As an example, Ochs und junior AG's moon phase display is accurate to 3478.27 years (after that the display will theoretically deviate from reality by one day) – making it one of the most accurate moon phase displays in the world. This is achieved using an epicyclic gear train consisting of only five components, including the dial.

Build on basic movements bought in from Swiss watch companies ETA or Ulysse Nardin, the final products are created by adding specially developed modules. All other components, such as casings and straps, are also designed in-house.

At the end of 2020, ochs und junior introduced qualified design models for the first time, which cannot be configured and are thus offered at a lower price, including a perpetual calendar.

Although Ochs und junior AG handle the research, development and construction design themselves, the individual components used (gearwheels, case, crown, straps, dial, etc.) are manufactured by highly specialized external subcontractors – with full transparency.
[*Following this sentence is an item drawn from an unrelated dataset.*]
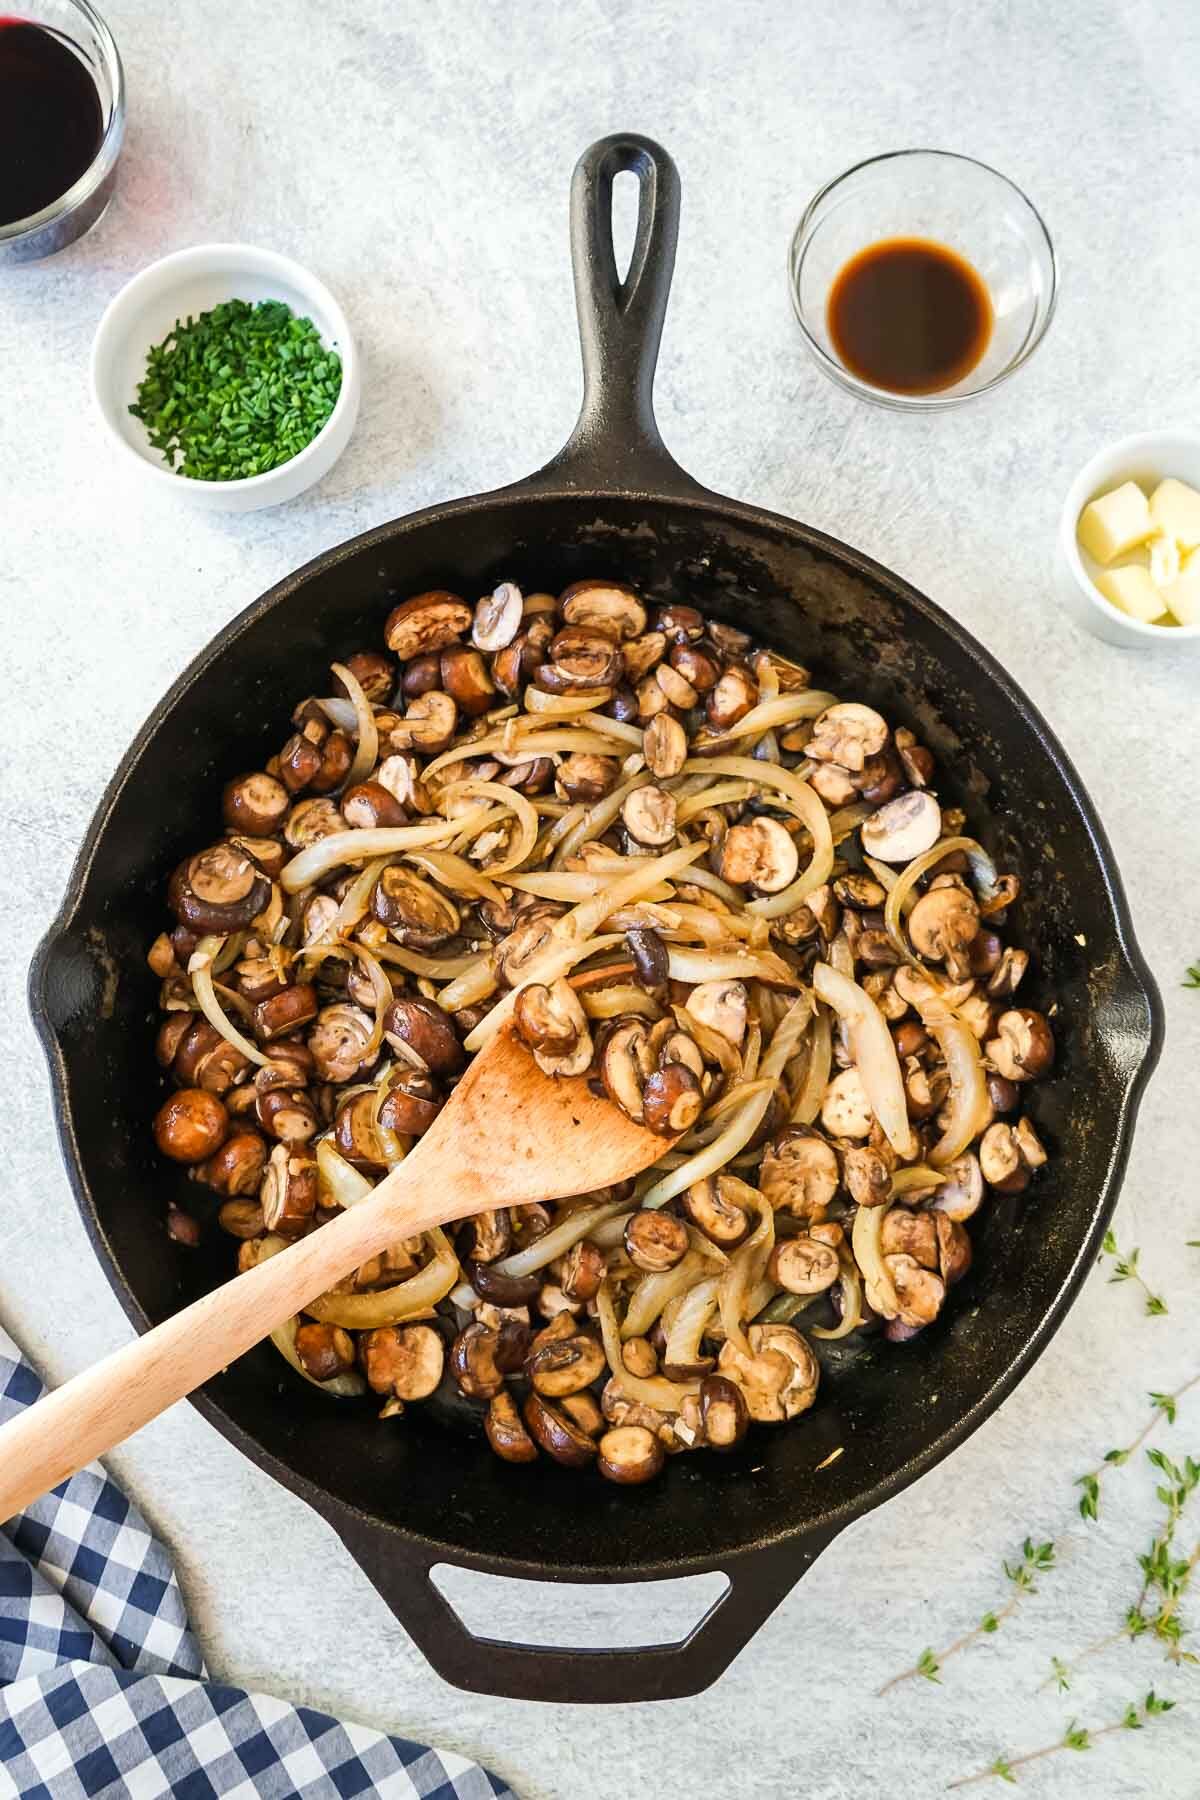 Mushrooms and onions cooking in a large cast iron skillet with a wooden spoon.

The watches are assembled by Ochs und junior AG's own watchmakers in their workshop in La Chaux-de-Fonds, which also serves as a salesroom.

== Design ==

The watches are designed strictly according to their function. For example, the dials themselves form an integral part of the movement construction. Due to this design philosophy and the high-precision manufacturing process involved, no further finishing, such as polishing the casing, is carried out.

Each watch can be individually designed by the customer via a configurator on the company's website. – making every watch unique.

In general, neither special lettering nor the company logo are used. The only exception is the embossing of the logo on the inside of the leather straps.

== Company size and sales channels ==

With currently sales of approximately 130 watches per year (as of December 2018), Ochs und junior AG is a niche manufacturer. The products are sold exclusively through the company's headquarters in La Chaux-de-Fonds – both on site or via the Internet.

Beat Weinmann, CEO and co-founder for many years, who represented the interface between production, planning, communication, sales and service, left the company at the end of November 2019.

In March 2020, the company moved its headquarters from Lucerne to La Chaux-de-Fonds and appointed Marc Bernhardt as the new managing director on an interim basis. Since the end of 2020, ochs und junior has once again been purely owned by Dr Ludwig Oechslin and Prof Kornelia Imesch and is run as a family business.

== Pricing ==
Depending on the model and configuration concerned, sales prices range between approx. CHF 6,000 and CHF 21,600 – and can be even higher, if special requests are accommodated. This puts Ochs und Junior AG watches in the upper price range of the luxury watch market segment.